> [TASK INSTRUCTIONS]
The line with "Trader Joe's Spanish Saffron Spice, .02 oz" marks the first line to copy, and the line with "Fragments de ville : en Inde" marks the last. Transcribe that stretch of the data below exactly, without pictures.
==== DATA EXTRACTS ====
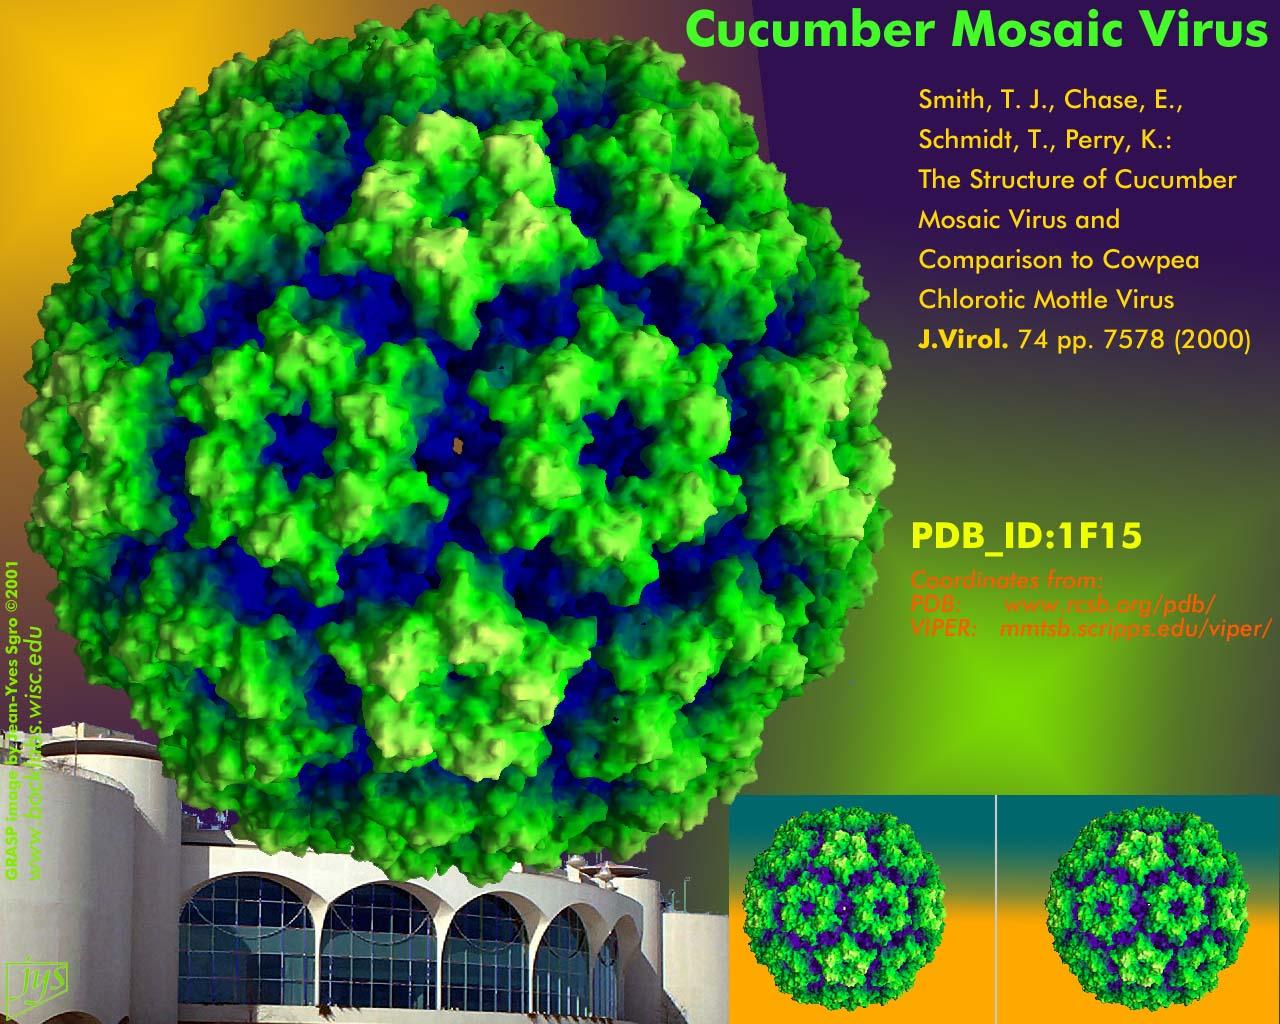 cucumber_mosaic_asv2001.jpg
====
==== DATA EXTRACTS ====
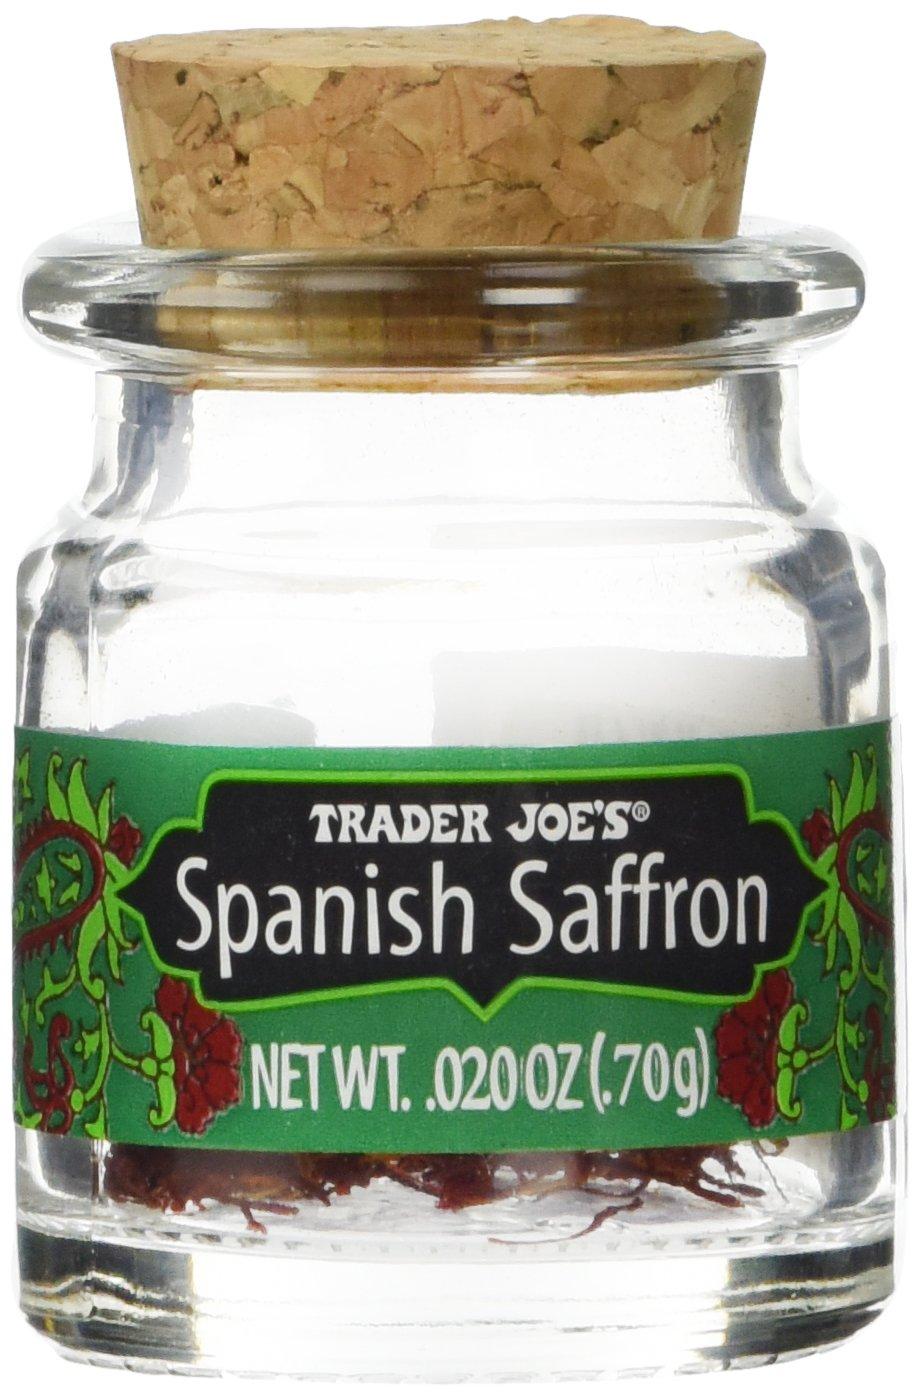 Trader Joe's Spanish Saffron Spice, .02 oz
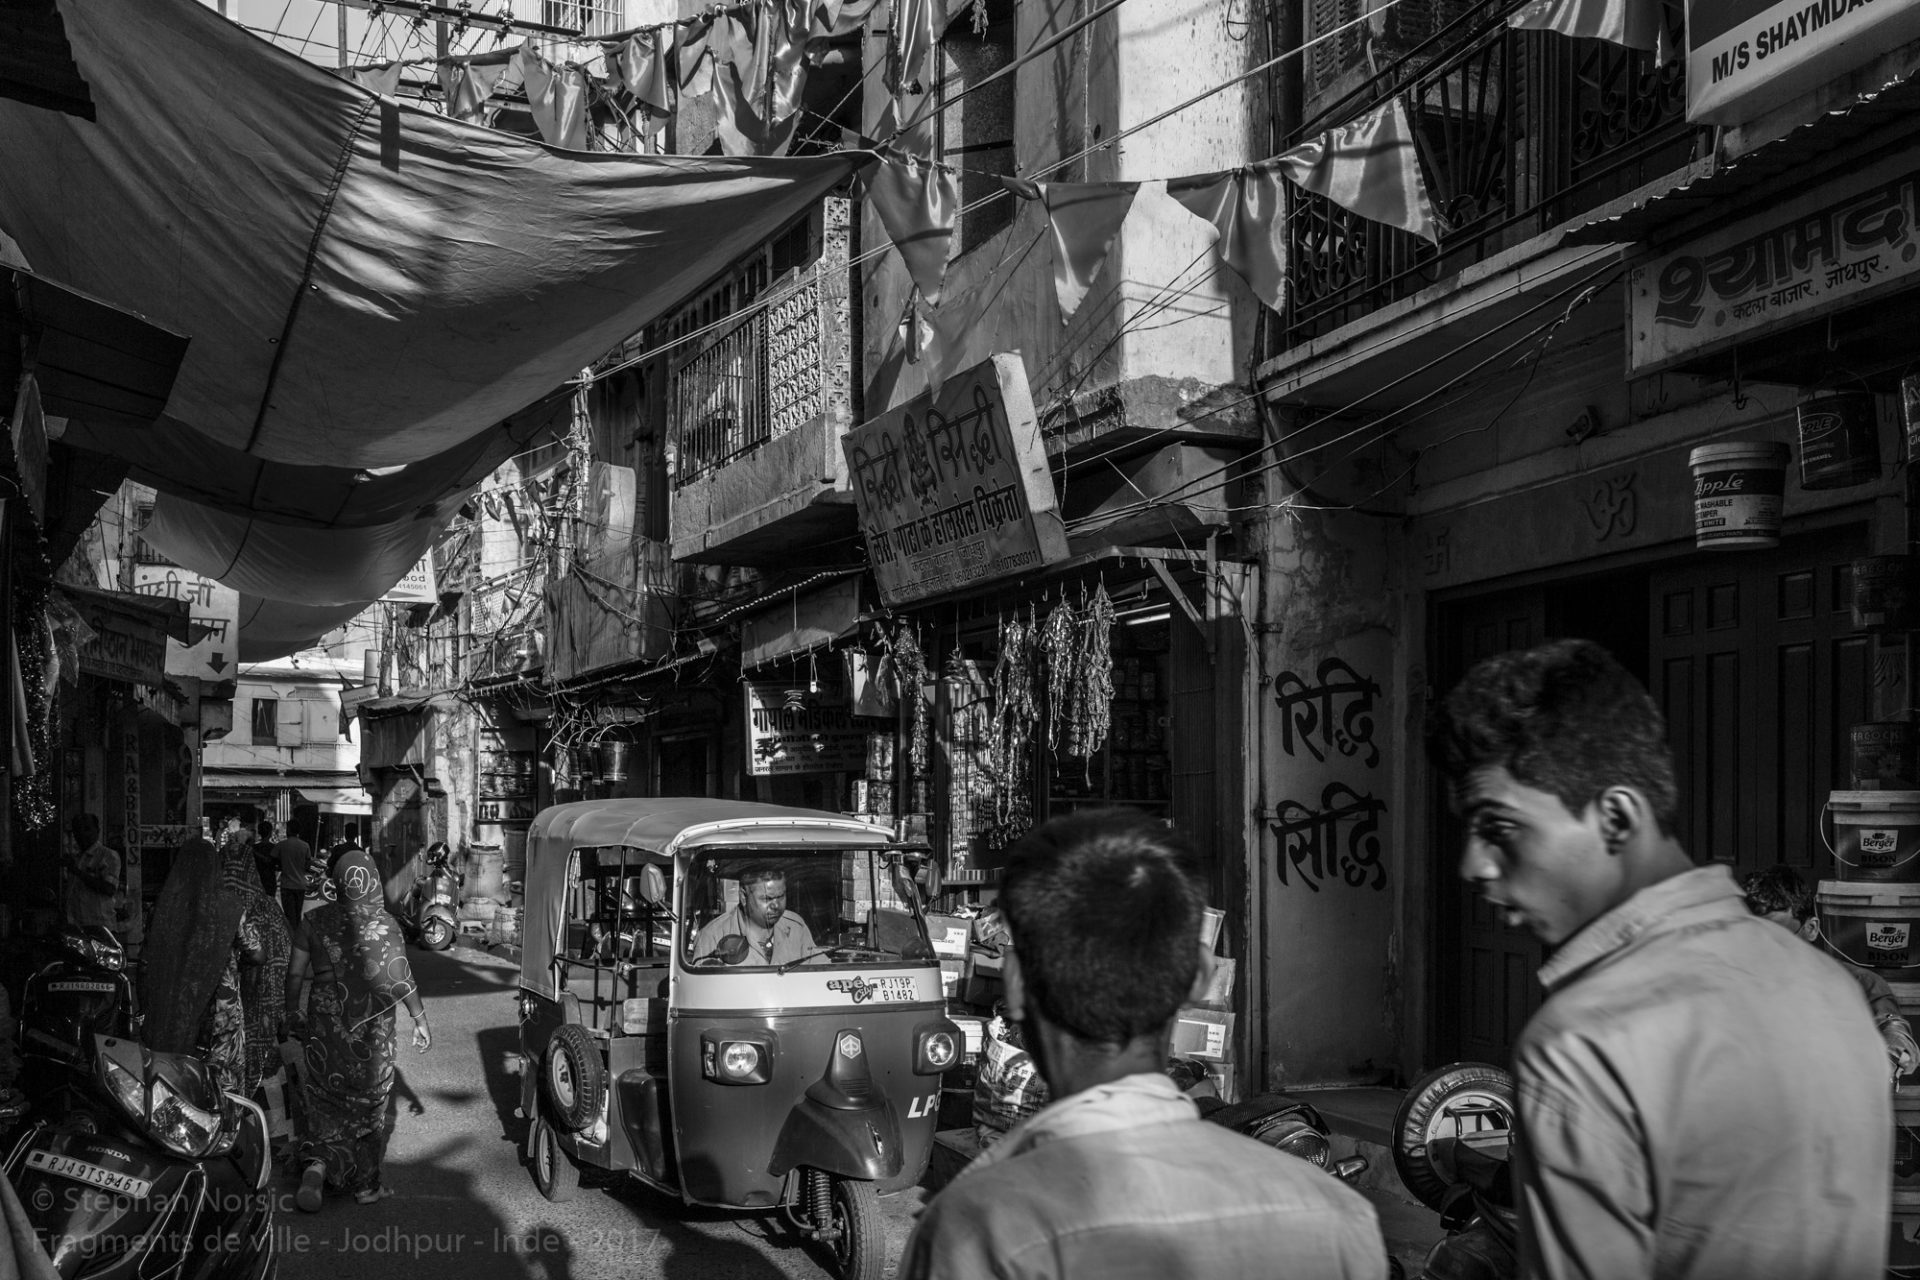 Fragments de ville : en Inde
====
> [COMPLETED EXERCISE]
 Trader Joe's Spanish Saffron Spice, .02 oz
 Fragments de ville : en Inde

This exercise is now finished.